Hurricane Andrew’s average sales followed a similar trend to Katrina. There was a large average sales price spike in 1994, 2 years after the storm hit Key Largo. The median sale price also saw a sharp increase in 1994.
Port Charlotte, FL
Hurricane Charley (August 2004)
Hurricane Charley caused major damage to south florida, with over $14.6 billion in property damage on the south-west peninsula of Florida alone.
Peak number of sales and growth after the hurricane in 2005. This differs from Katrina and Andrew in the speed of continued growth. Though the storm caused damage, investors did not cease purchasing property in the area. The number of sales and median sales price both increased dramatically in the few years following the hurricane, though the area was deeply affected by the market crash just a few years later.
Keansburg and Seaside Heights, NJ
Hurricane Sandy (October 2012)
Damage in the state of New Jersey from Hurricane Sandy was estimated at $36.8 billion.

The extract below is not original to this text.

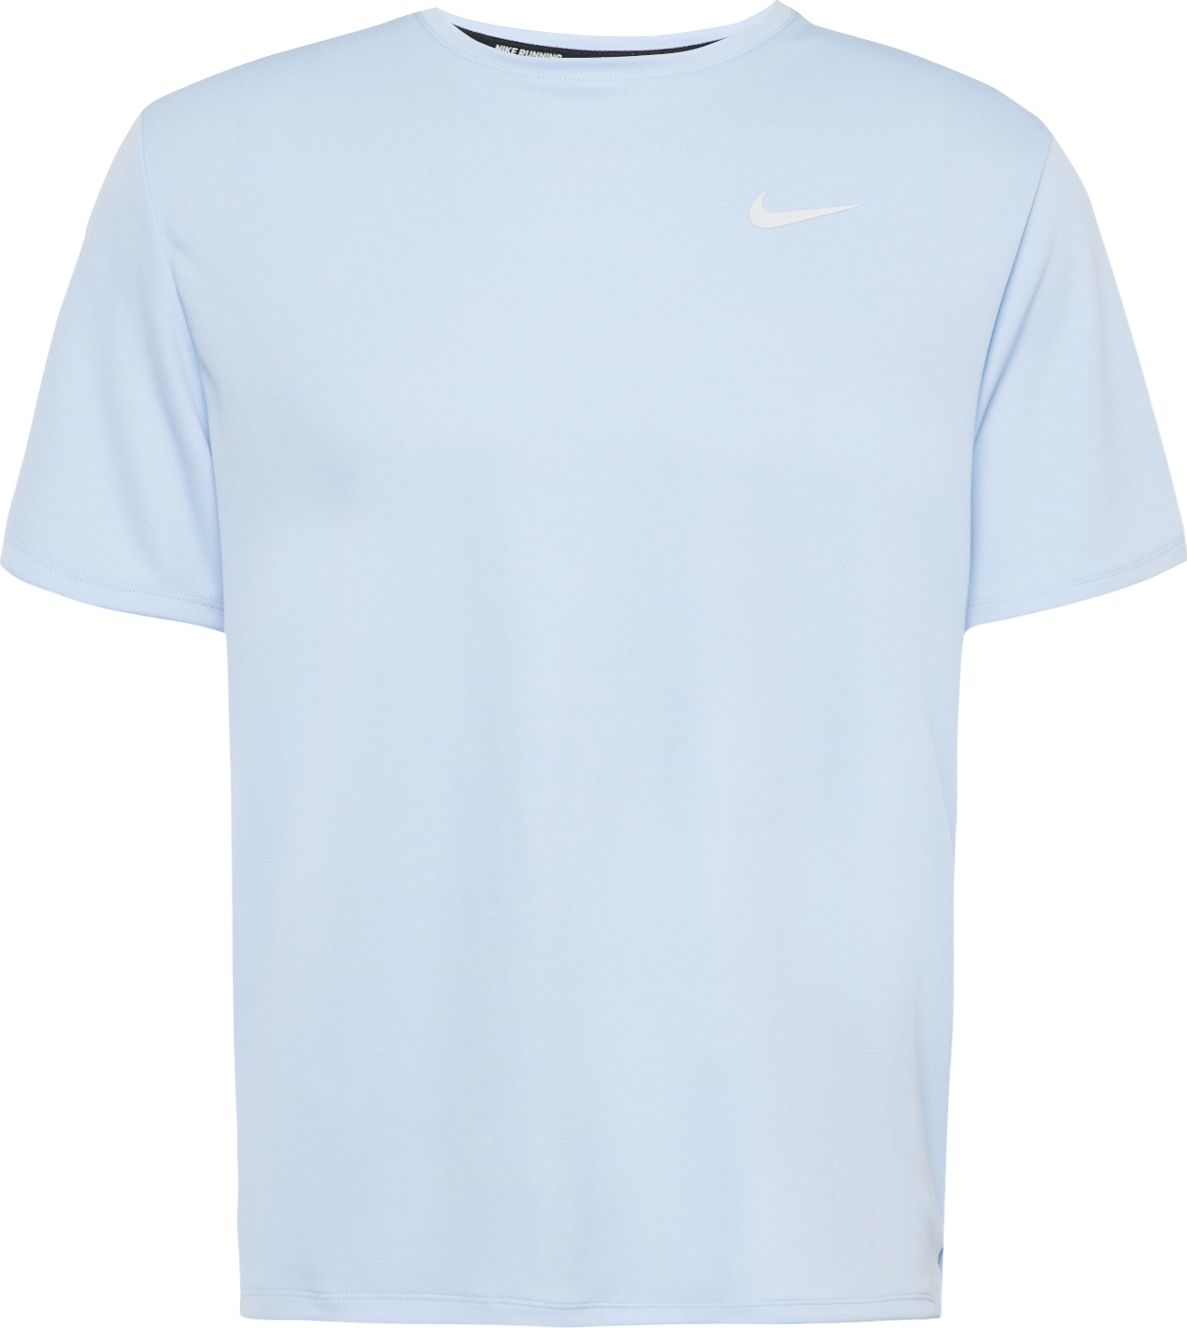 Funkční tričko Nike světlemodrá / stříbrná

The average sale price in these two coastal areas of New Jersey followed similar trends post Hurricane Sandy. There was an immediate downturn in sales in the year post, and sales rose again in 2014. However, they did not rise as drastically. This could be because of the perceived unlikelihood of another storm hitting. Hurricane Sandy was somewhat of a wild-card storm wise, being in October and hitting land so far North. But what coastal area investors may need to factor into planning is the continued likelihood of outlier storms.
Hurricane Ivan (September 2004)
Though Hurricane Ivan caused over $20.5 billion in damages, there was little seen effect on commercial investments into the Pensacola area, doing so much damage that some roads in the area were not opened for an entire year after the storm hit. While the number of sales and median sale price had a minor plateau, it did not stop the growth and average sales amount and median sale spiked in 2006 – 2 years following the hurricane.
While investors seem to be hopping on opportunities to purchase properties post-storm, average prices have a trend of skyrocketing 2 years after a storm. So while a storm may seem like a good time to invest, there is a lot of risk taken on in areas with high natural disaster areas of development, and there is little effect on the valuation of properties in areas, even after a large amount of damage has occurred. It seems that for many investors, the benefits of seaside properties do greatly outweigh the risk.